Sunday, November 14, 2010

wants and needs (and what society dicates vs. what we really are)

I am getting to a point where I feel that I would be more comfortable looking androgynous since I identify so much with both sides of me.I’m not really sure I want to take the plunge just yet and get my hair cut short, but I’m considering it.

I have come along way since I was 9 years old and had my first major crush…on a girl. At the time, i didn’t understand. I felt strange and messed up because even though my mother (being so amazing as she is) did not give me the idea that being attracted to people of the same sex was wrong, society did. Even though my mother was accepting, to me it seemed that the rest of the world did not agree with her. Society taught me that being attracted to the same sex was WRONG. INAPPROPRIATE. It was not okay for me to have feeling for a girl, that was clear. Even in church we learn at a young age that a man and a woman go together, not man and man or woman and woman. To the point where I felt confused because if such feelings were wrong than why was I even having them? I was embarrassed. I didn’t mention it to anyone. I felt like a terrible person and wished those feelings away, day after day.

It is hard to go through elementary school being one of the outcasts, one of the kids getting picked on every day, standing out somehow. Like I had a target painted on my back. I was already different enough that I got pushed away by fellow classmates and became more and more silent as the days went by. More and more of an outcast. To be ridiculed by all but a few classmates who took enough time to get to know me and soon realized that I could be a really cool person.

So imagine how I felt when I realized that there I was, with one more thing to separate myself from everyone else. I was frustrated. All I wanted was for people to accept me and like me and here came feelings that widened the gap. And i hated myself for it. I hated that I had those feelings. I rejected the idea that they could ever prove to be meaningful and wonderful and instead pushed that part of me far away.

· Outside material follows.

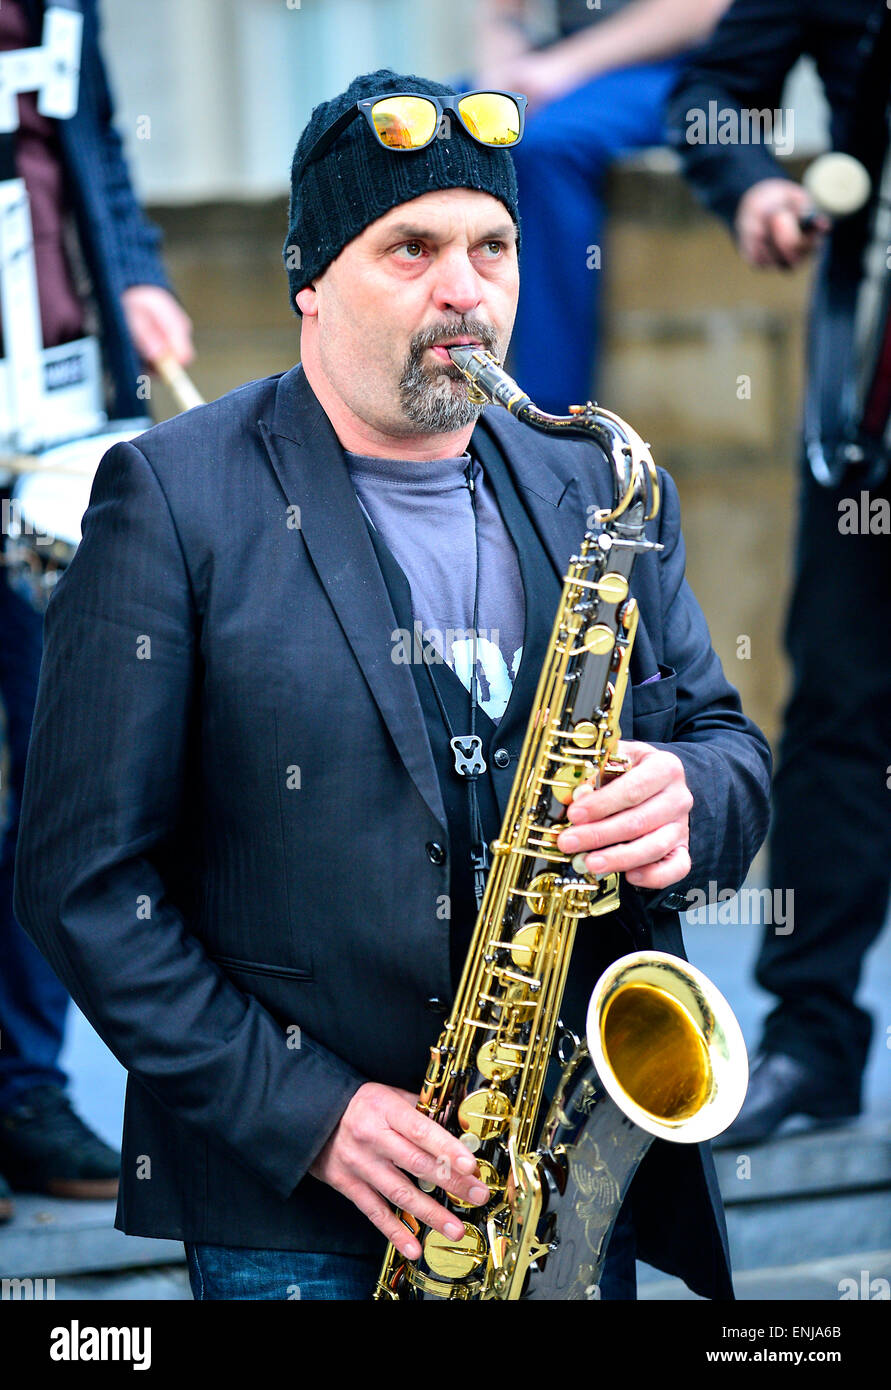 Arjan de Swart from the Jaydee Brass Band, from the Netherlands, performing at the 2015 City of Derry Jazz Festival. Stock Photo

This is the first time I have voiced these feelings publicly. In recent years, i mentioned that part of my childhood to a few close friends, very few.

The pain and frustration of my 9-year-old self lasted up into high school. I finally came out and told certain people about my sexuality for the first time when i was 15, to a close friend. But even then, I felt weird and embarrassed about it. It still didn’t feel right.

When I was 16 I began to feel a little bit more comfortable and began to fully understand and realize who I was. I began to acknowledge that those feeling were real and important, that they weren’t going away, and that nothing was really wrong with them. Until that year I told another close friend, finally feeling comfortable with using the term “bi” and she walked away from me right then and there and we haven’t spoken since. My spirits shot down again after that. I was scared to tell anyone ever again.

Then school rolled around the next year. My senior year of high school. I was still struggling to find my little niche with people I knew would really, truly accept me. And I got lucky. There is one friend in particular who really helped me come to terms, finally, with who I was and who I found myself attracted to. Her name is Salena and I love her dearly. I don’t think I ever mentioned to her how much she helped me to finally feel comfortable with that part of myself, but that’s how it is. She had the same kind of feelings towards girls I had been having, so we were able to relate to each other a lot. It really opened my eyes. Here was this cool, awesome, amazing, beautiful, seemingly confident girl who wasn’t afraid to be who she was. And it opened my eyes finally to the idea that there is acceptance out there for people like me. That I shouldn’t be afraid to be myself. That being attracted to girls/women is not wrong at all.

Now here I am, exploring even more my sexuality and gender identity. It was only this year that I began to discover words that went beyond male/female or homo, hetero, and bi. I finally found words that fit who I am.

So here I am, world.

My name is Heather. I am pansexual and genderqueer and I love that I am that way because I love me for who I am, inside and out.